Your objective: Transcribe exactly the entries from the "by Carlo Scherer" line to the end, both included, minus pictures.

Data in this exercise:
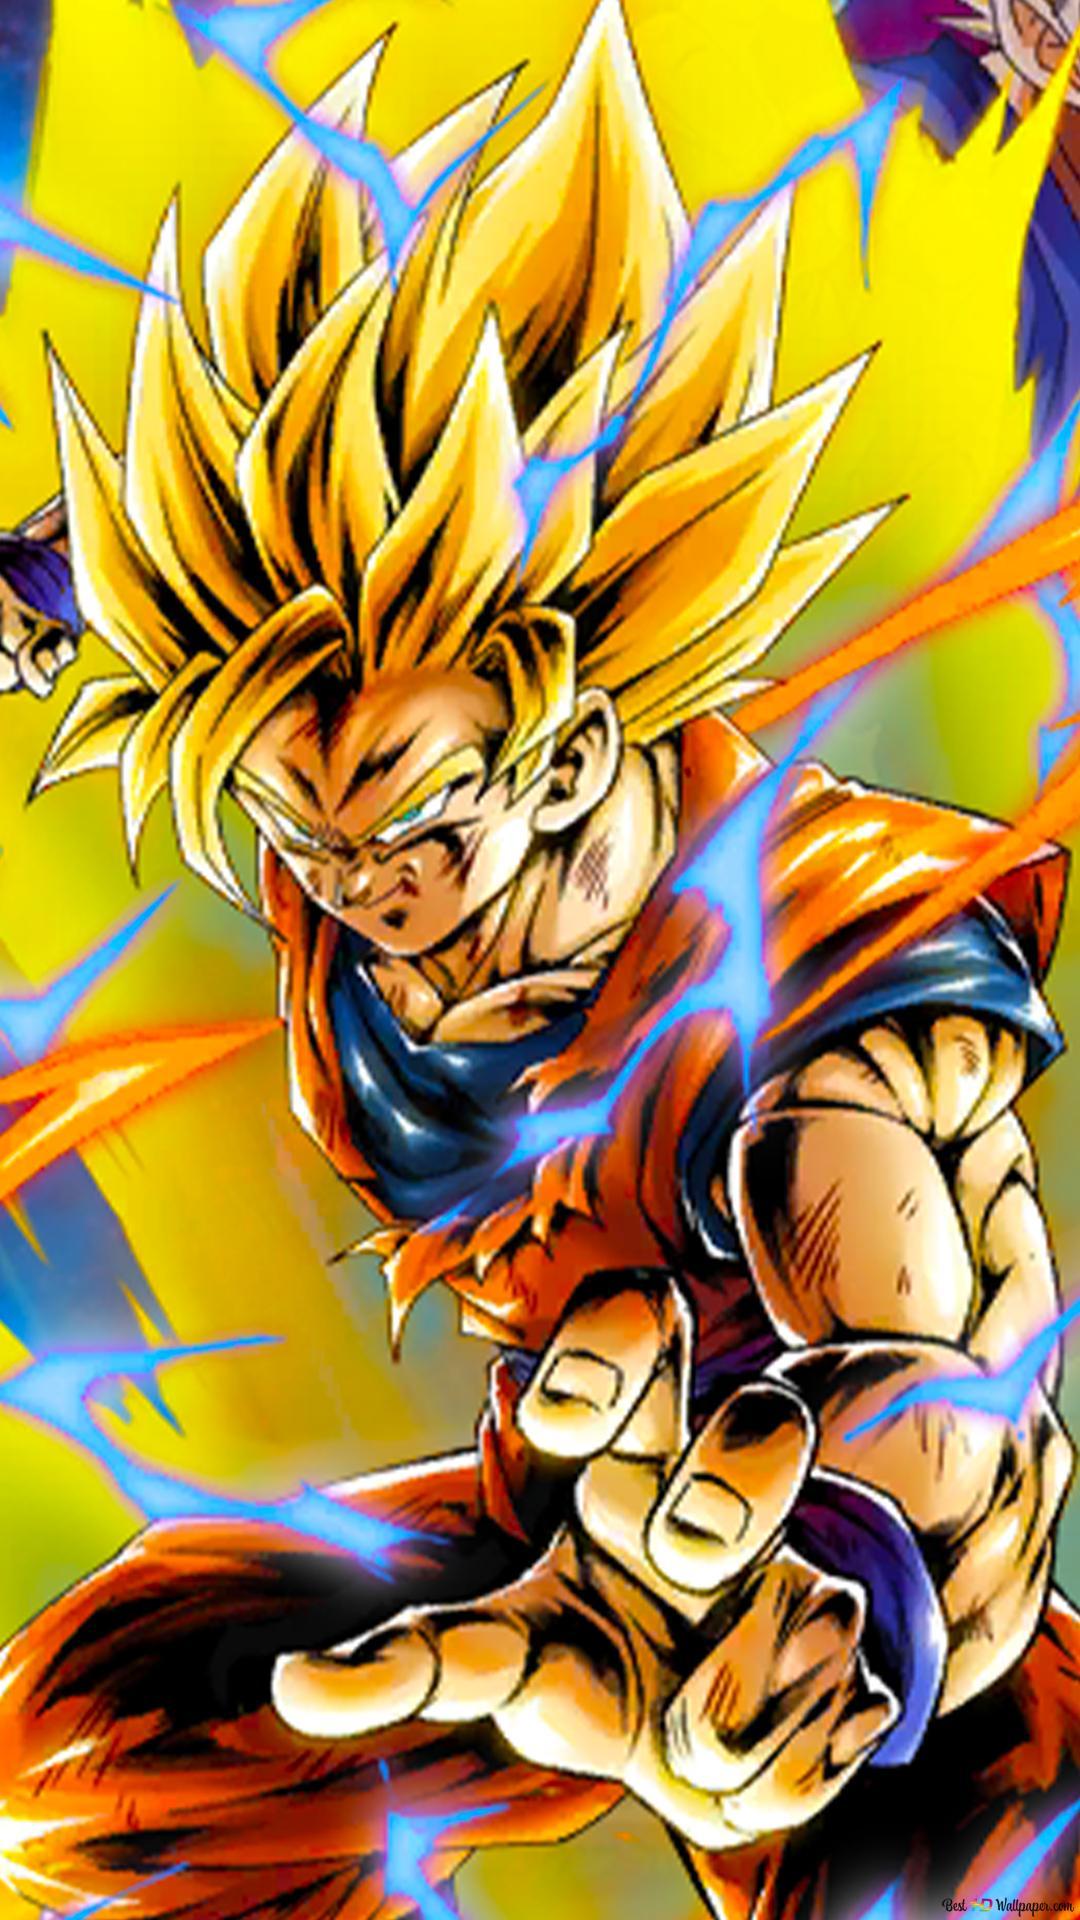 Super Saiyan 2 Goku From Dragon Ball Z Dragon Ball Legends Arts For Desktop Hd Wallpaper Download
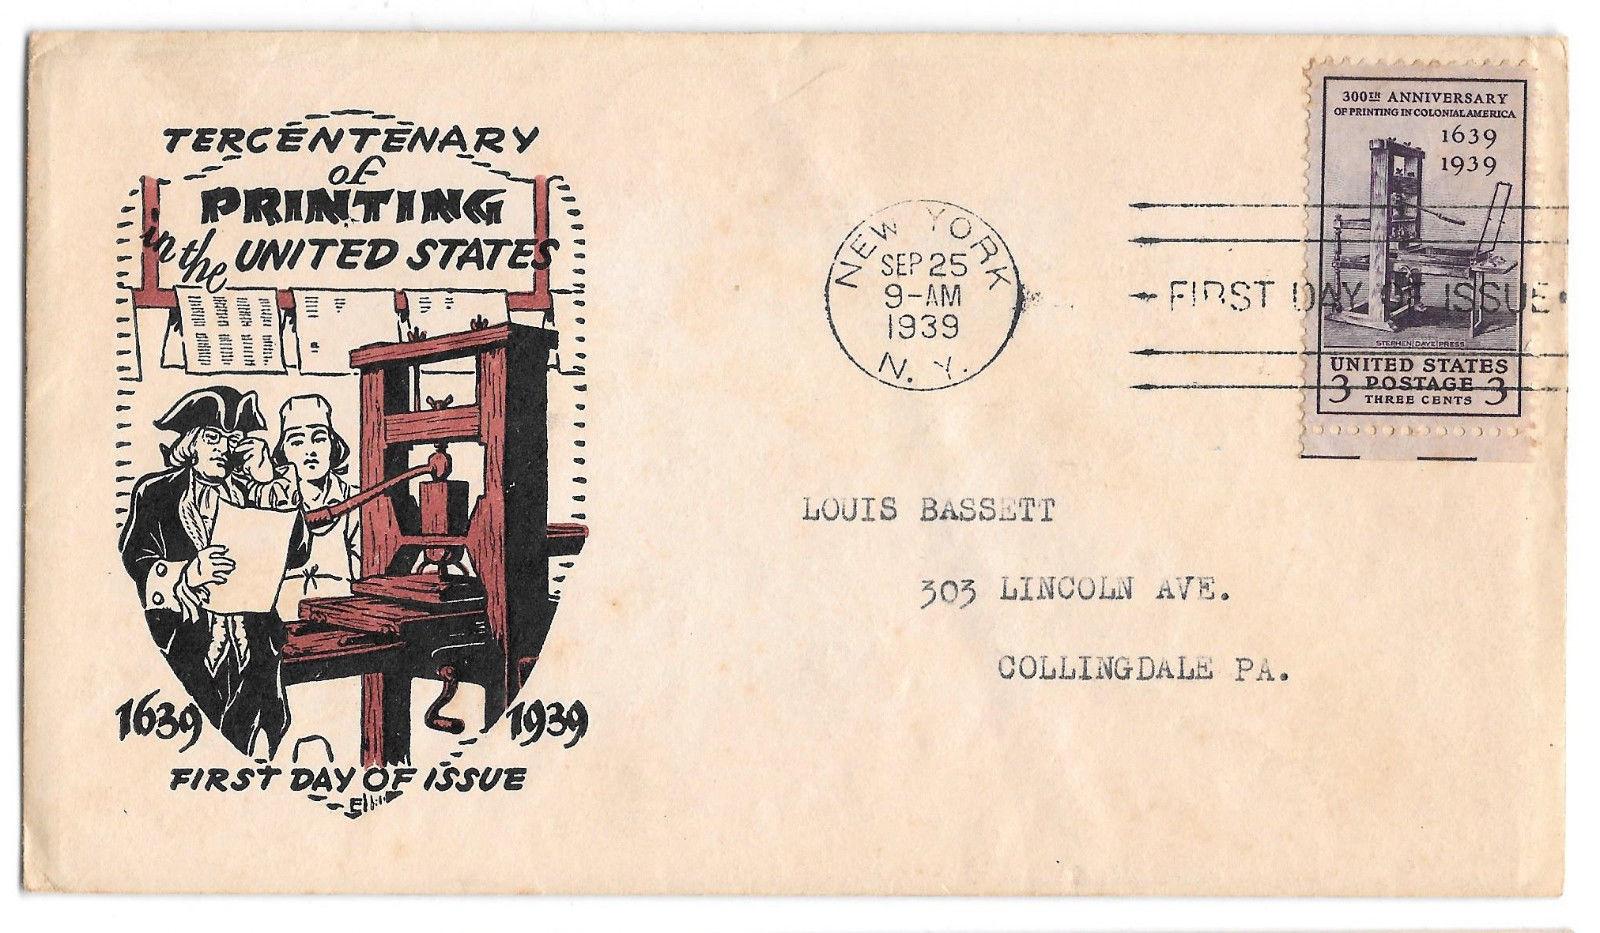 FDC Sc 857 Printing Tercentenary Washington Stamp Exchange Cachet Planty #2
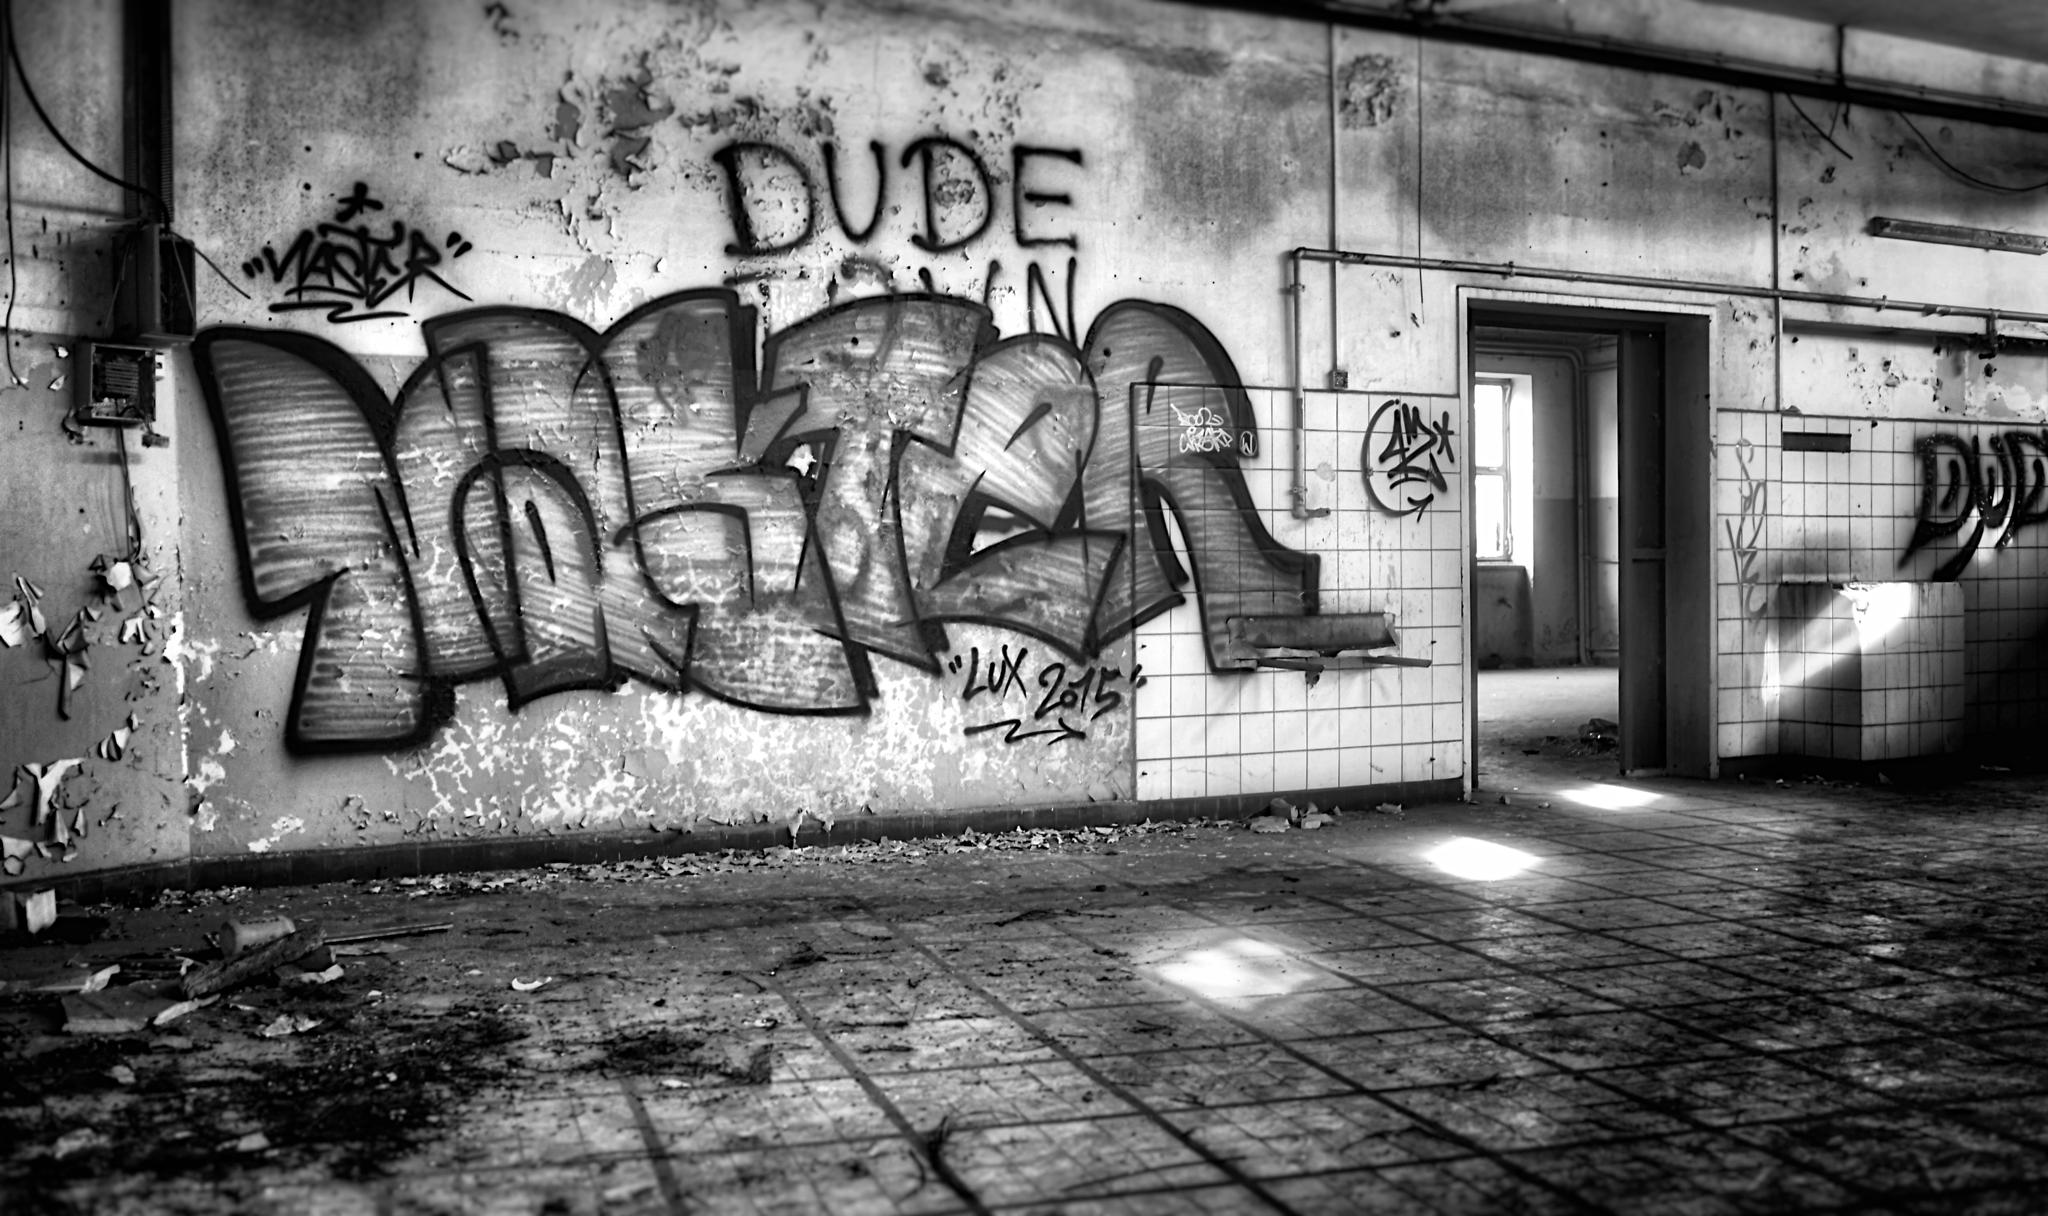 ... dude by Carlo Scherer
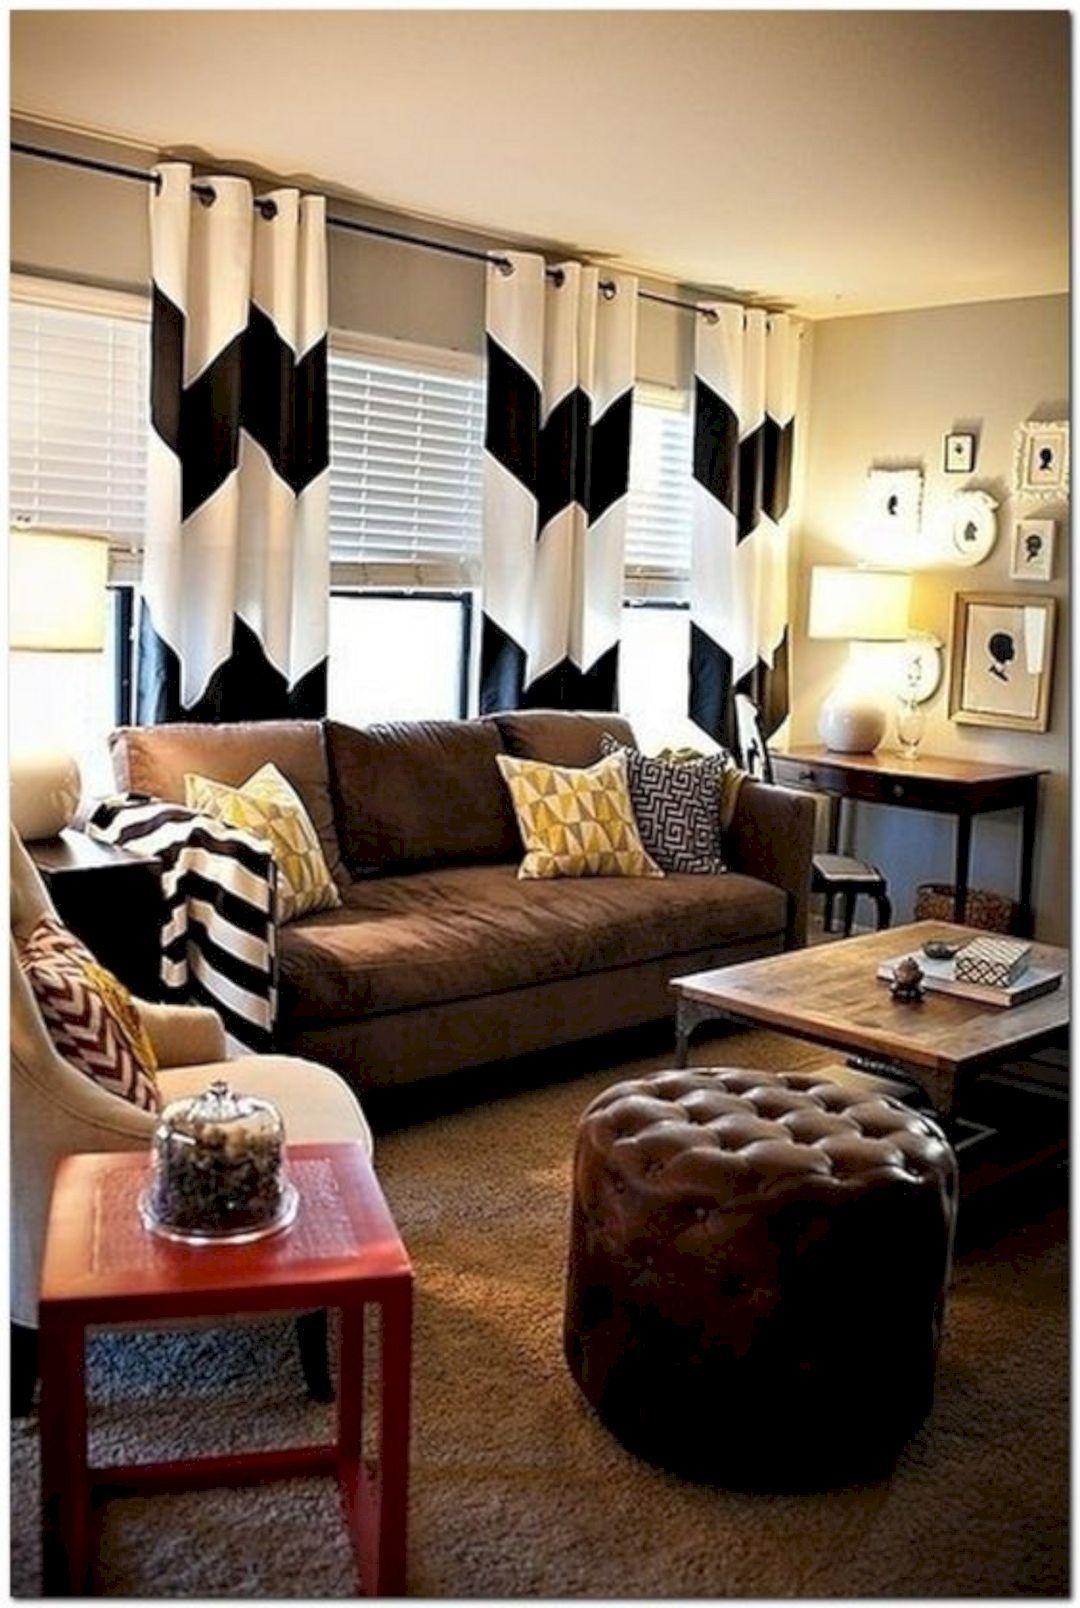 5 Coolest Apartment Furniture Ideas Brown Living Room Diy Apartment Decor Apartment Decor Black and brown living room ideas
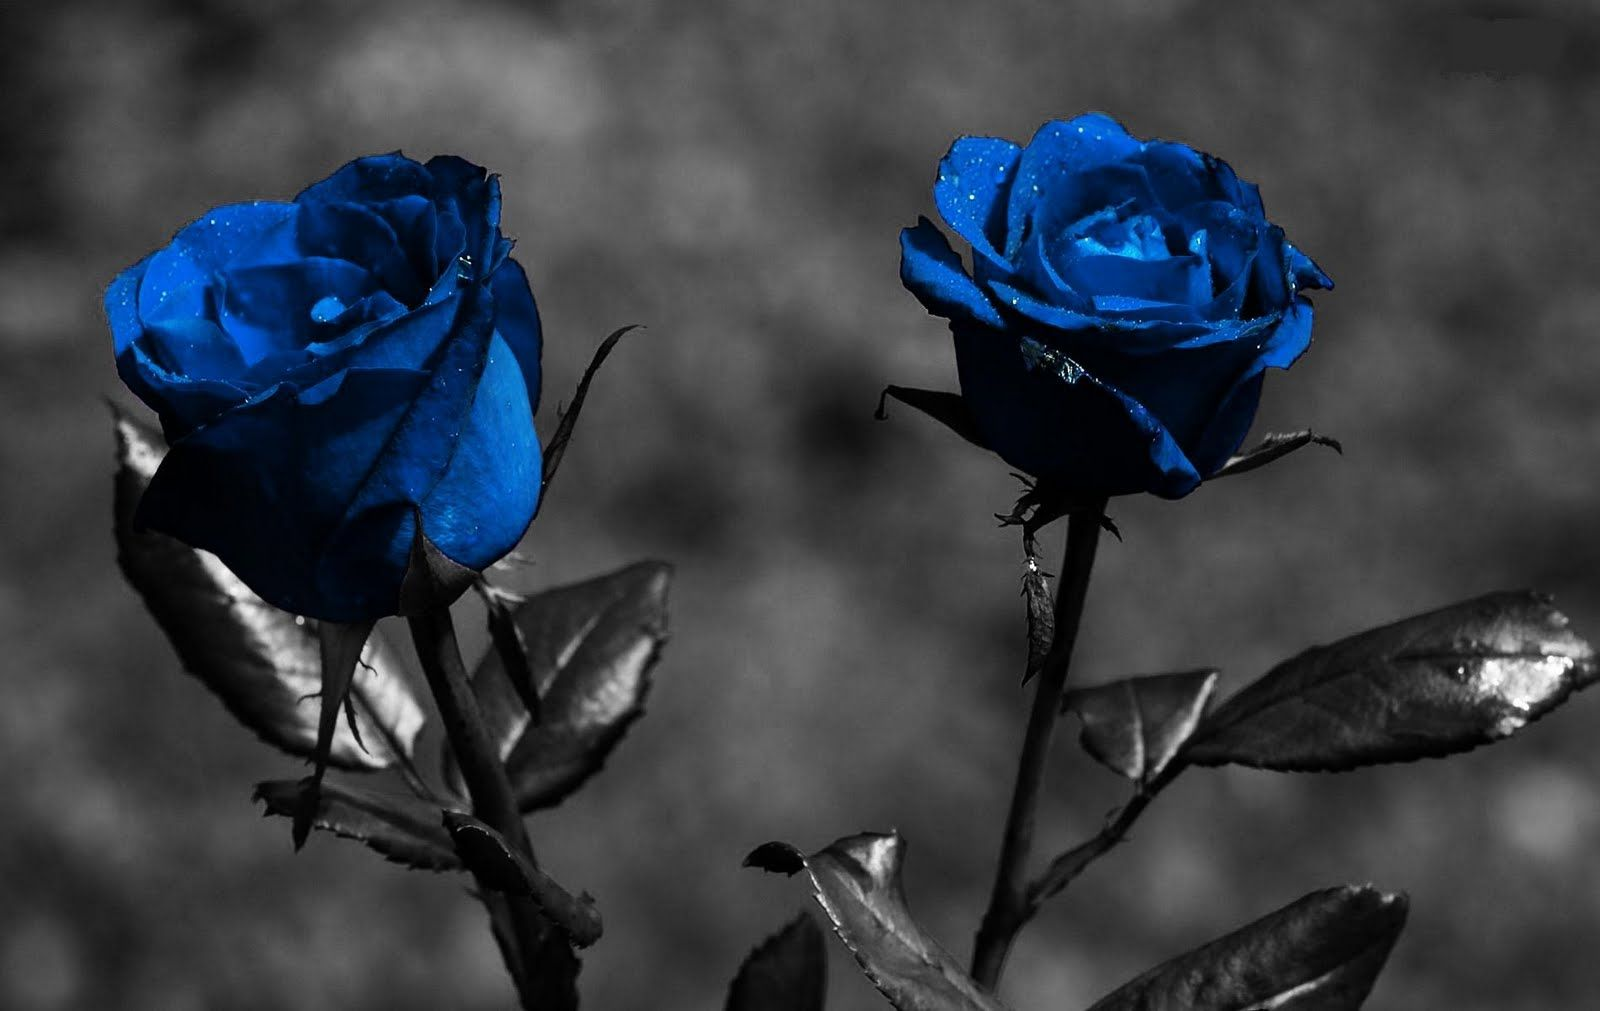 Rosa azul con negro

Output:
 ... dude by Carlo Scherer
 5 Coolest Apartment Furniture Ideas Brown Living Room Diy Apartment Decor Apartment Decor Black and brown living room ideas
 Rosa azul con negro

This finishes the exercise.